Ascendieron la colina a la mayor velocidad hasta que, a una veintena de metros de la verja que cerraba aquella parte del recinto funerario, les llegó de nuevo el mismo sonido metálico. Y entonces comprendieron qué lo estaba provocando: Diarmuid Delancey se aferraba con ambas manos a la puerta por la que se salía del cementerio, justo enfrente de la entrada a Maor Cladaich. El irlandés la sacudía ansiosamente para tratar de hacer saltar el herrumbroso candado que solían echar cada noche; debía de haber oído cómo se acercaban por el extremo opuesto del cementerio y comprendido que no le quedaba más escapatoria que aquella.
—Es una hora curiosa para dar un paseo entre tumbas, señor Delancey —saludó Alexander mientras se detenían a escasa distancia de él. El aludido se dio la vuelta con un respingo; tenía los ojos desencajados y su rostro pálido estaba cubierto de sudor.

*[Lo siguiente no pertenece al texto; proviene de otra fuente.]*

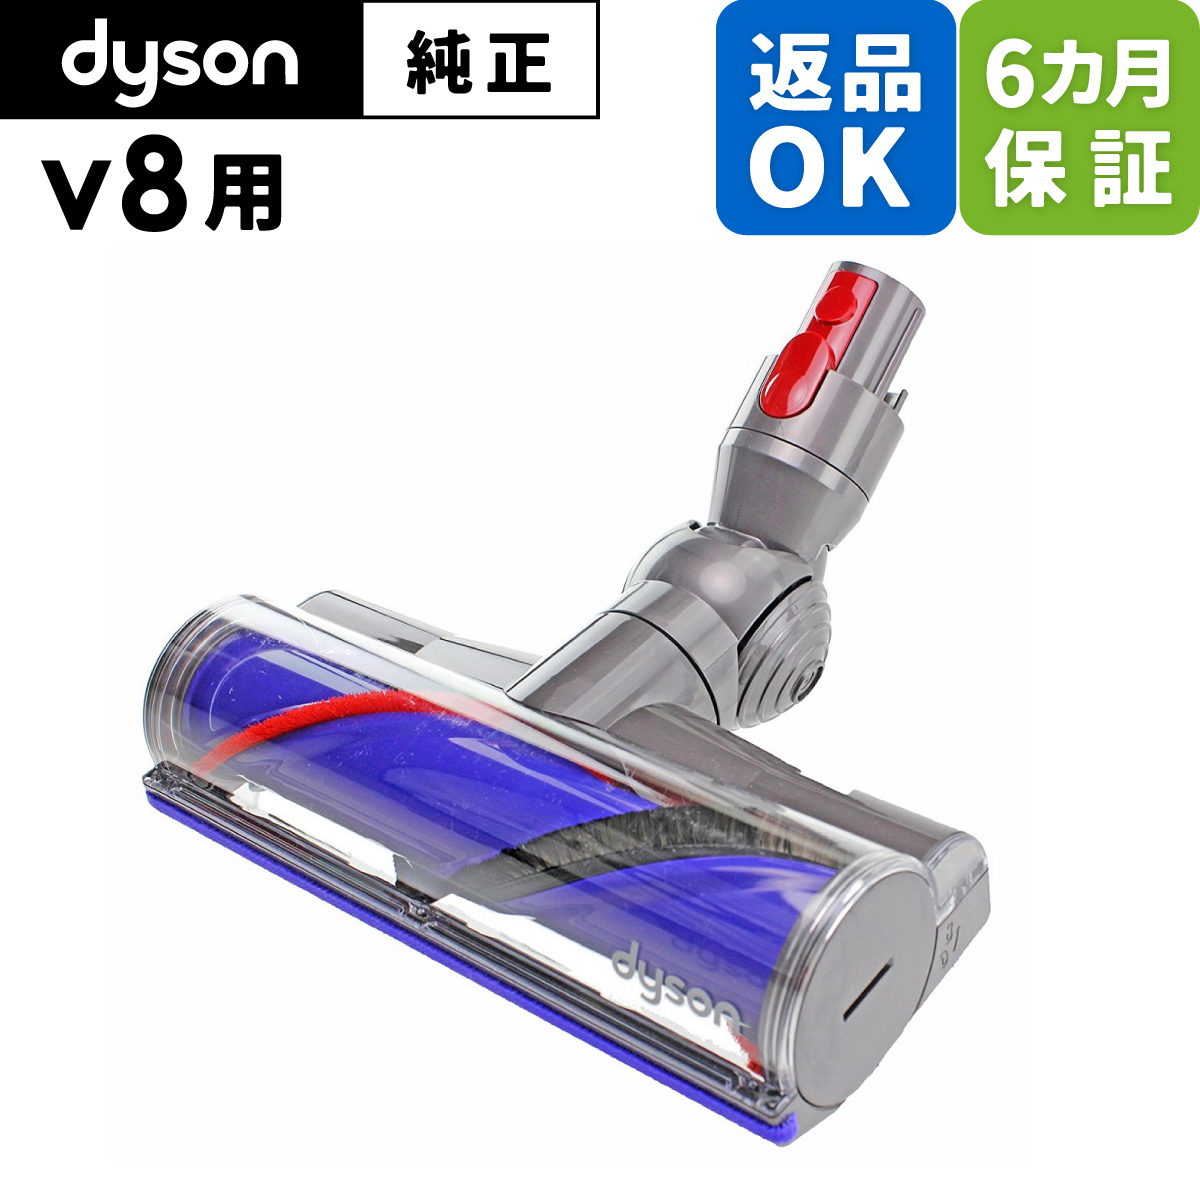 Dyson ダイソン 掃除機 純正 パーツ 返品OK 6カ月保証 ダイレクトドライブクリーナーヘッド V8 適合  SV10 モデル 部品 交換 ※slim対象外
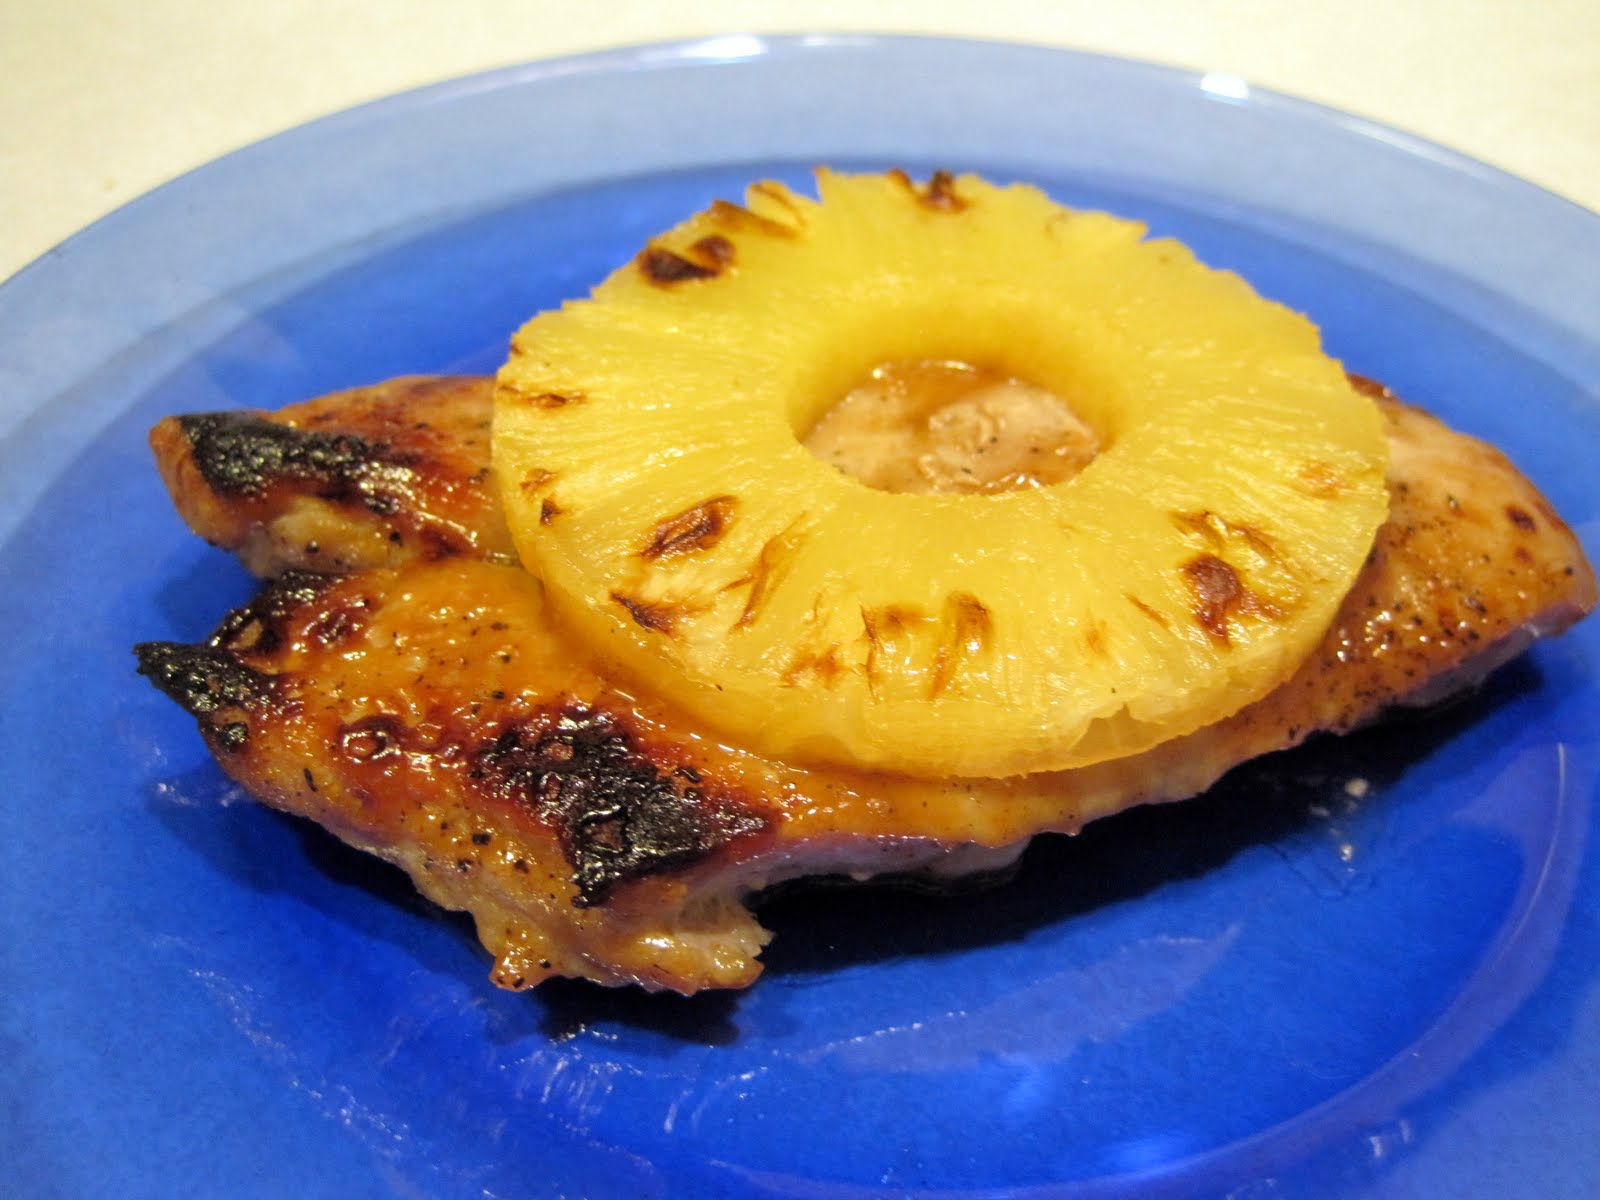 Pineapple Teriyaki Pork Chops, very tasty

—Y aún más curiosa para aumentar el censo del cementerio —añadió Lionel—. Supongo que estará orgulloso de lo que ha hecho. ¿No le parecía suficiente un asesinato?
—No entiendo… no entiendo de qué me están hablando —balbuceó Delancey—. Si se refieren a la desdichada muerte de Archer…, bueno, todos asistimos hace unas horas al juicio contra la señorita O’Laoire, y me parece que quedó bastante claro que…
—Ailish Ní Laoire ha sido hallada culpable por un testimonio que usted compró de labios de una muchacha a la que los celos y la ambición hicieron perder el norte —espetó Alexander dando un paso hacia Delancey. El joven trató de retroceder, pero la verja le cortaba el paso—. Ha sido condenada a morir en la horca por el crimen que usted cometió. Pensaba permanecer de brazos cruzados mientras la ejecutaban solamente por su deseo desesperado de hacerse con Maor Cladaich. Aunque fuera asesinando a la persona que la señora O’Laoire había escogido como su futuro propietario.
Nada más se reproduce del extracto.